Pictures in the entries below are excluded; copy only the lines from the one containing "Ingenua shade sail" to the one containing "Niagara Falls: Journey", both included.

### Data provided
------------------------------------------------
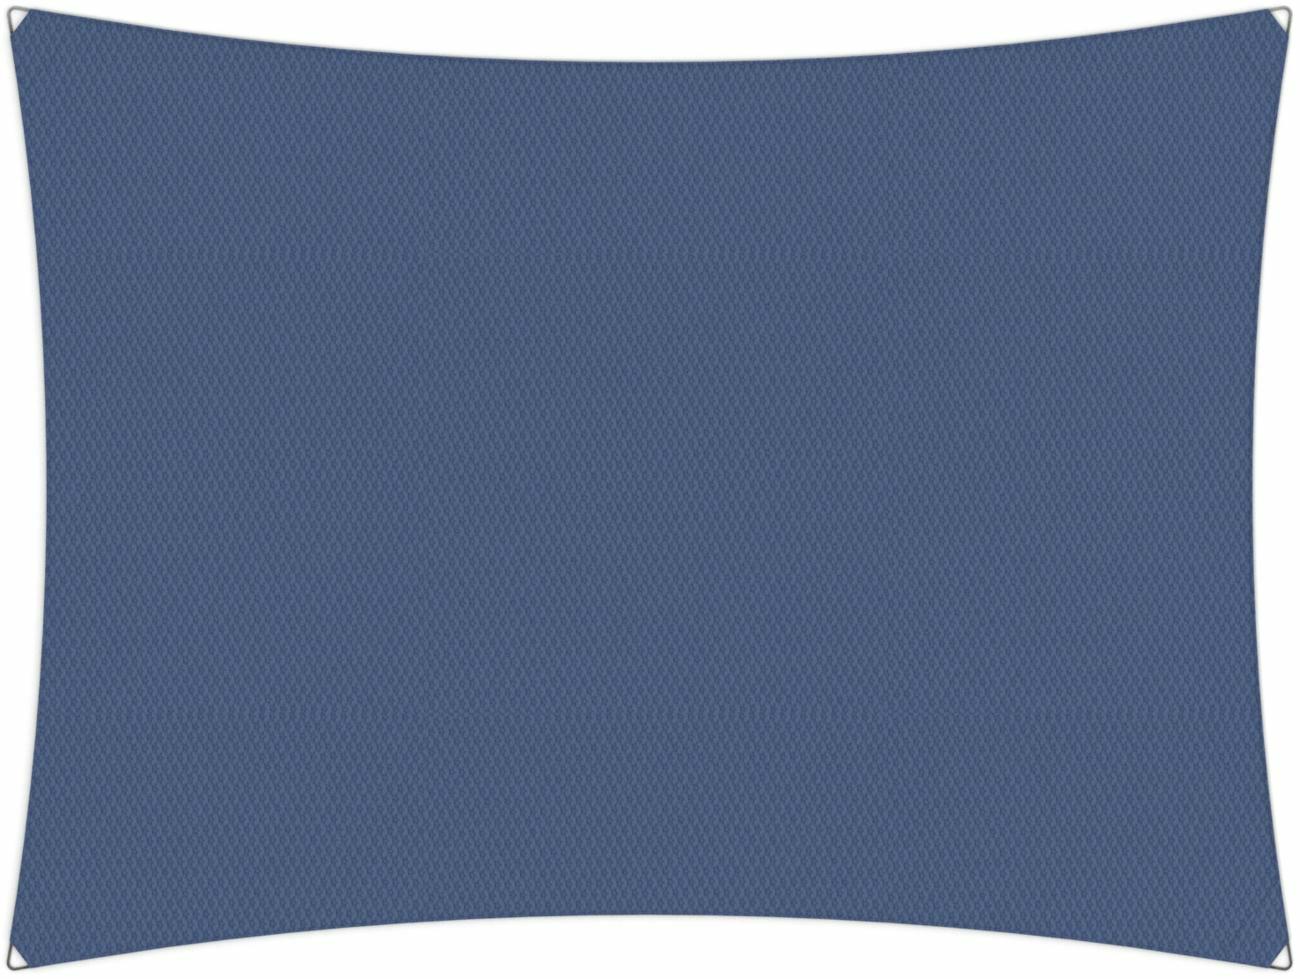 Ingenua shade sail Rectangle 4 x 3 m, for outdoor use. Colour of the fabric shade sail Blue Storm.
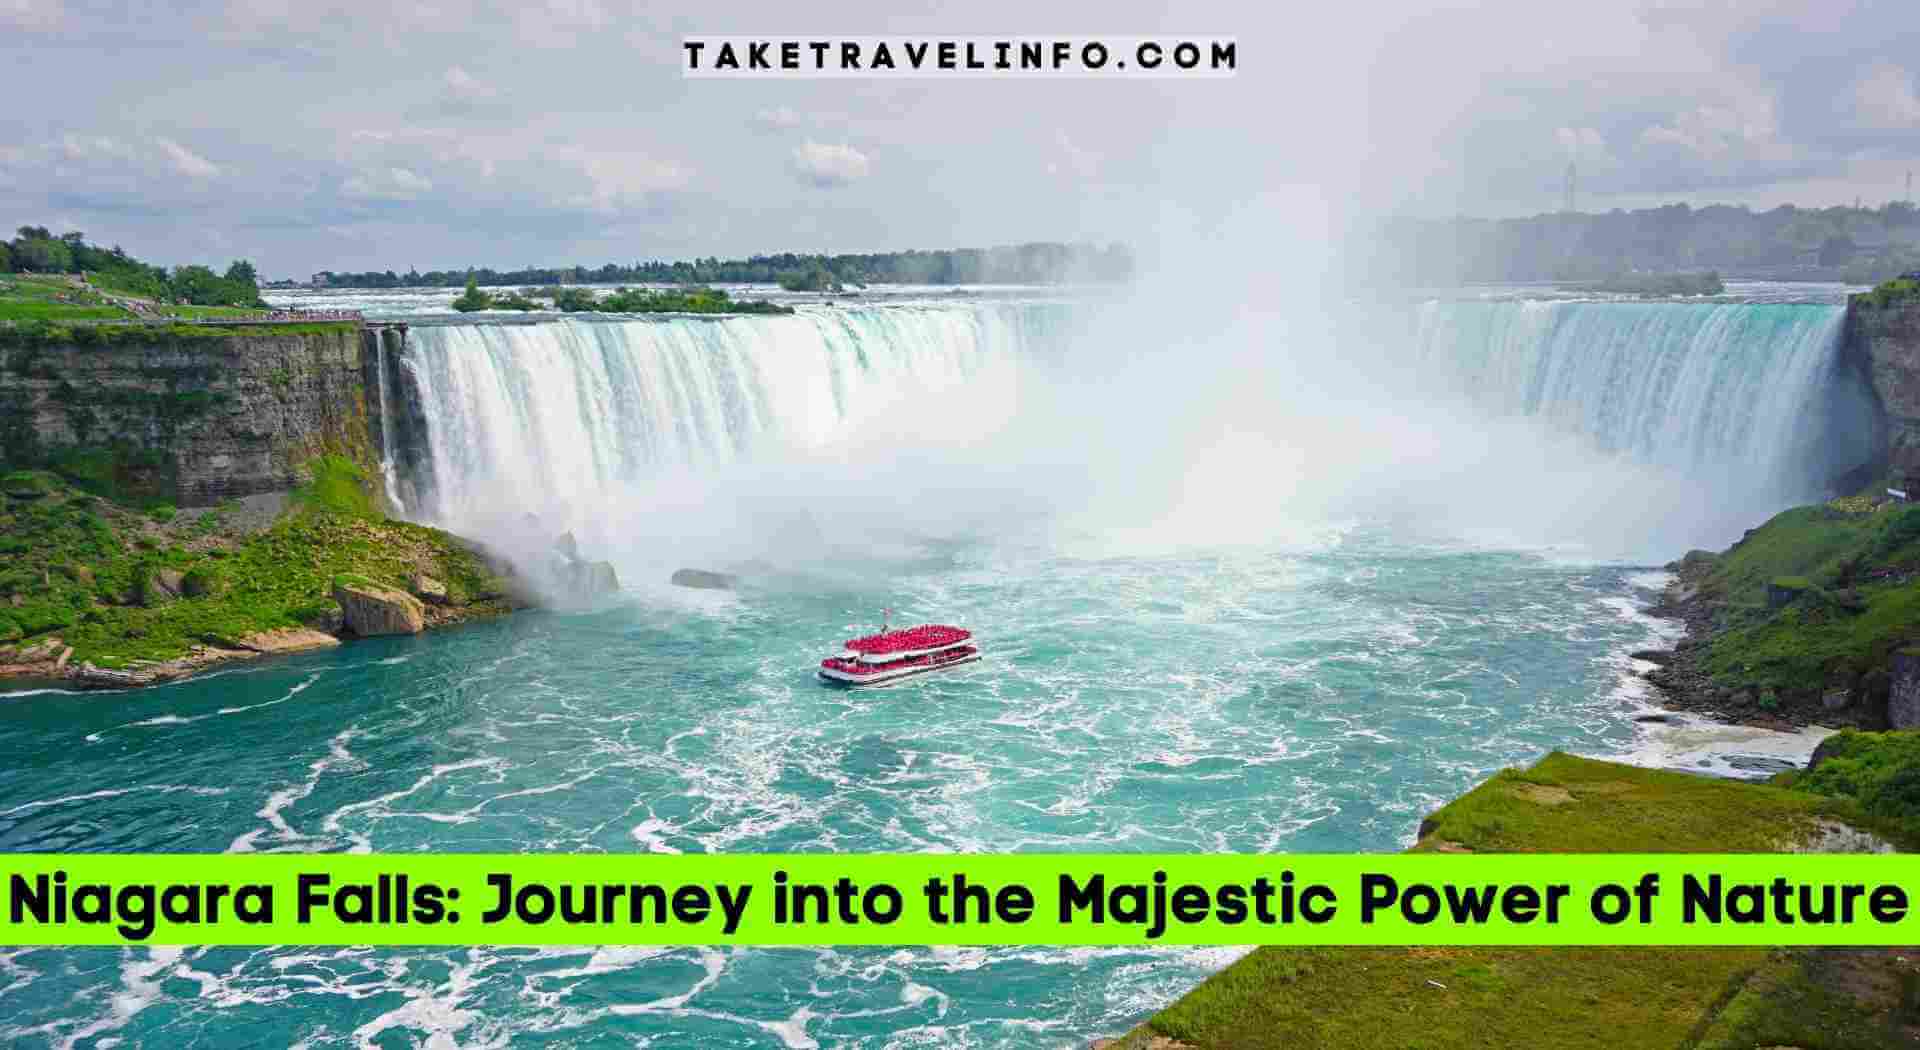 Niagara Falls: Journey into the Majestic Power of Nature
------------------------------------------------
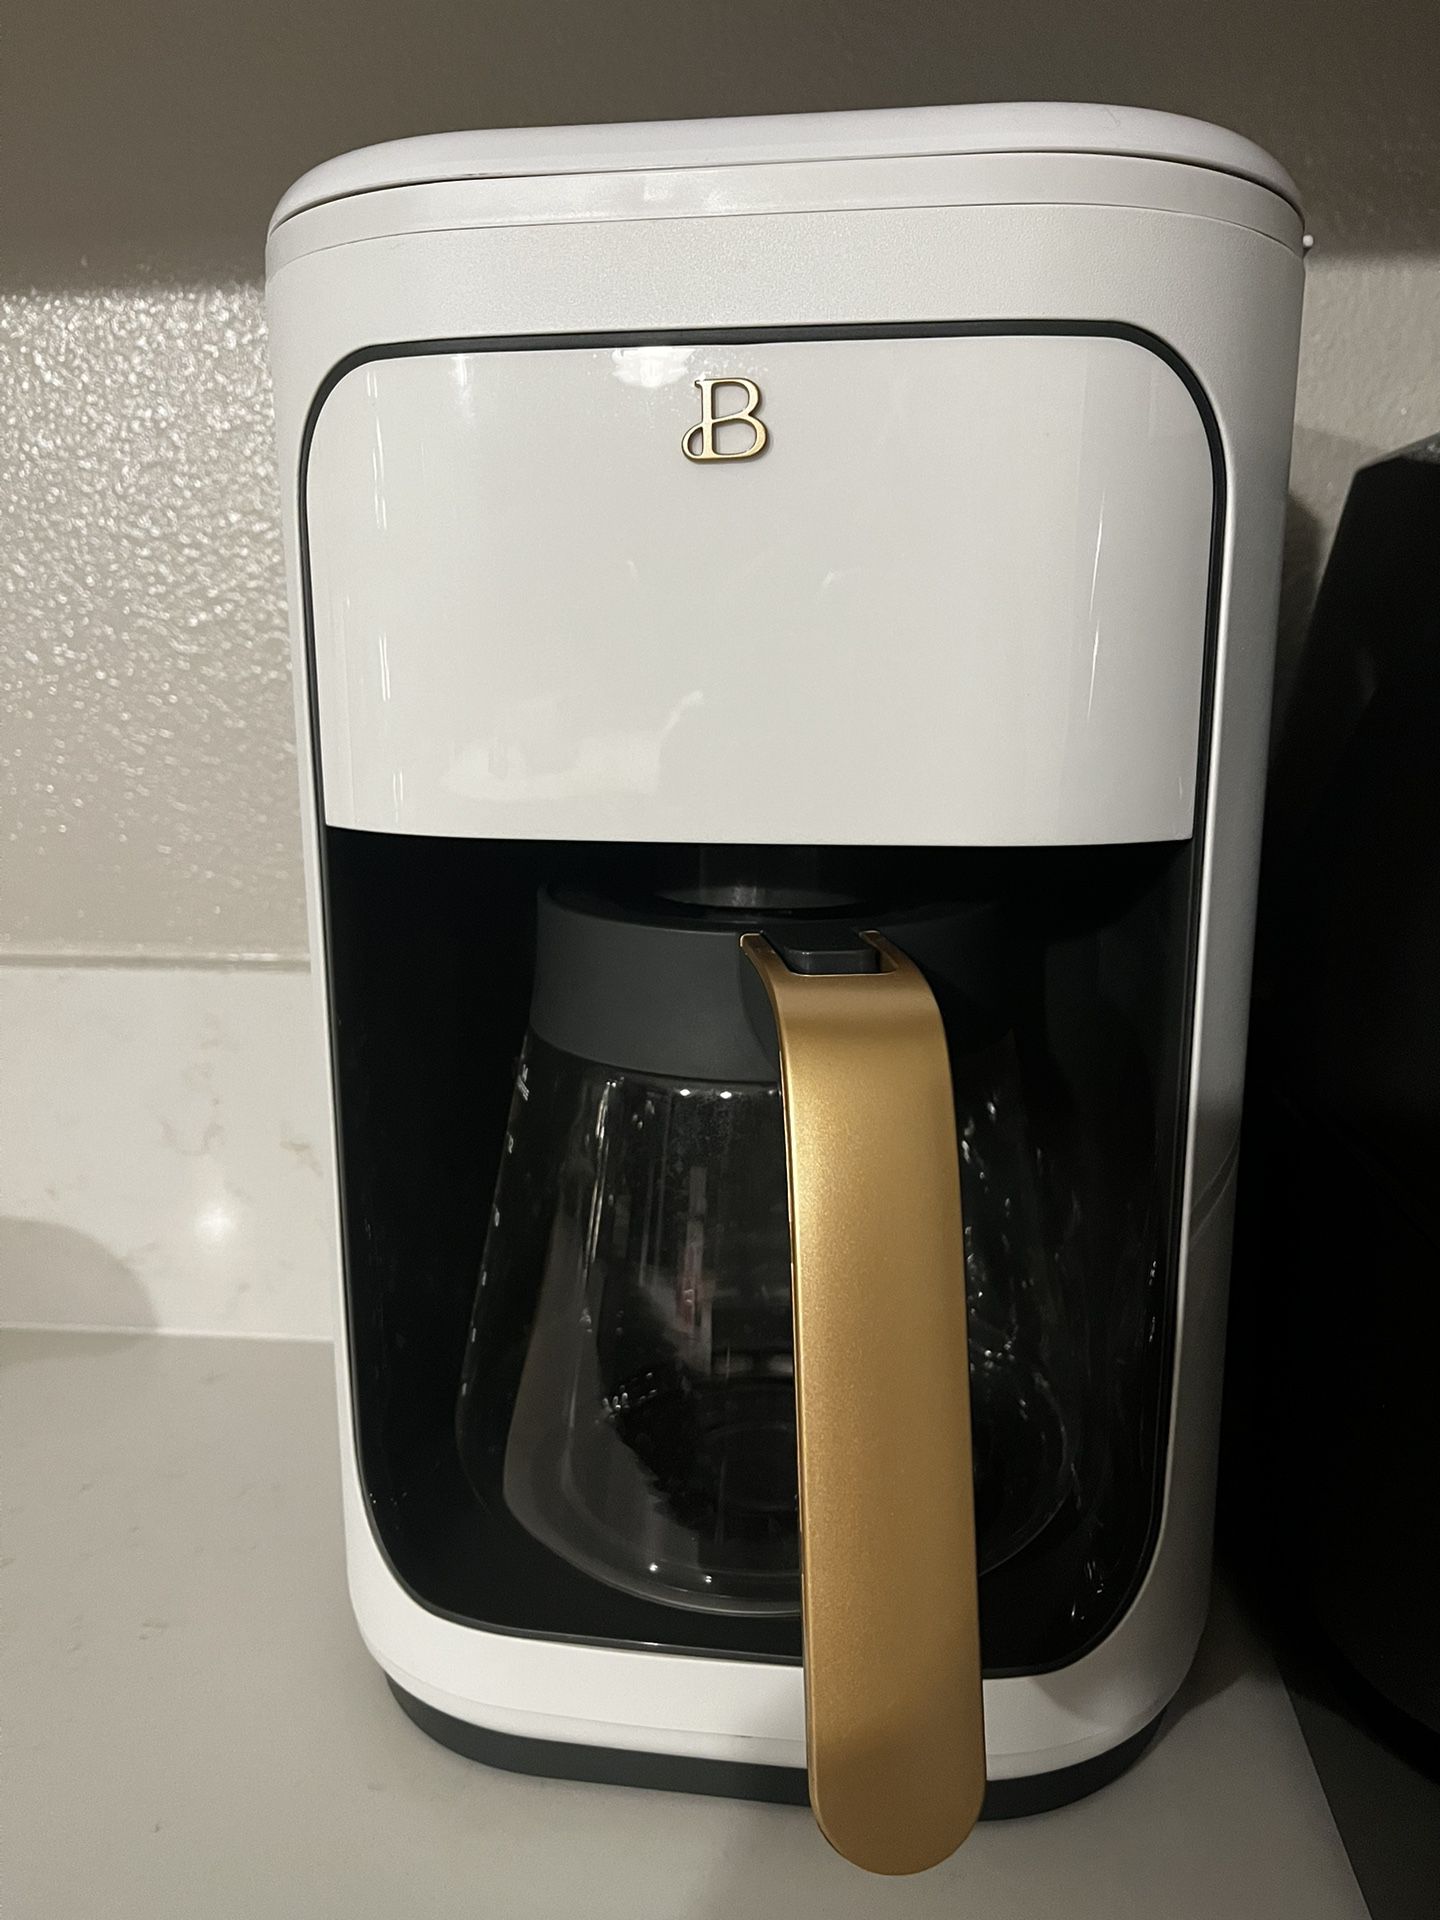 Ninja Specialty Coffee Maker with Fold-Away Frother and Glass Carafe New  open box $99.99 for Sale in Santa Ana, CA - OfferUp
------------------------------------------------
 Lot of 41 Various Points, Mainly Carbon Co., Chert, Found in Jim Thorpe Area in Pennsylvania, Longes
------------------------------------------------
### Reply to the task
 Ingenua shade sail Rectangle 4 x 3 m, for outdoor use. Colour of the fabric shade sail Blue Storm.
 Niagara Falls: Journey into the Majestic Power of Nature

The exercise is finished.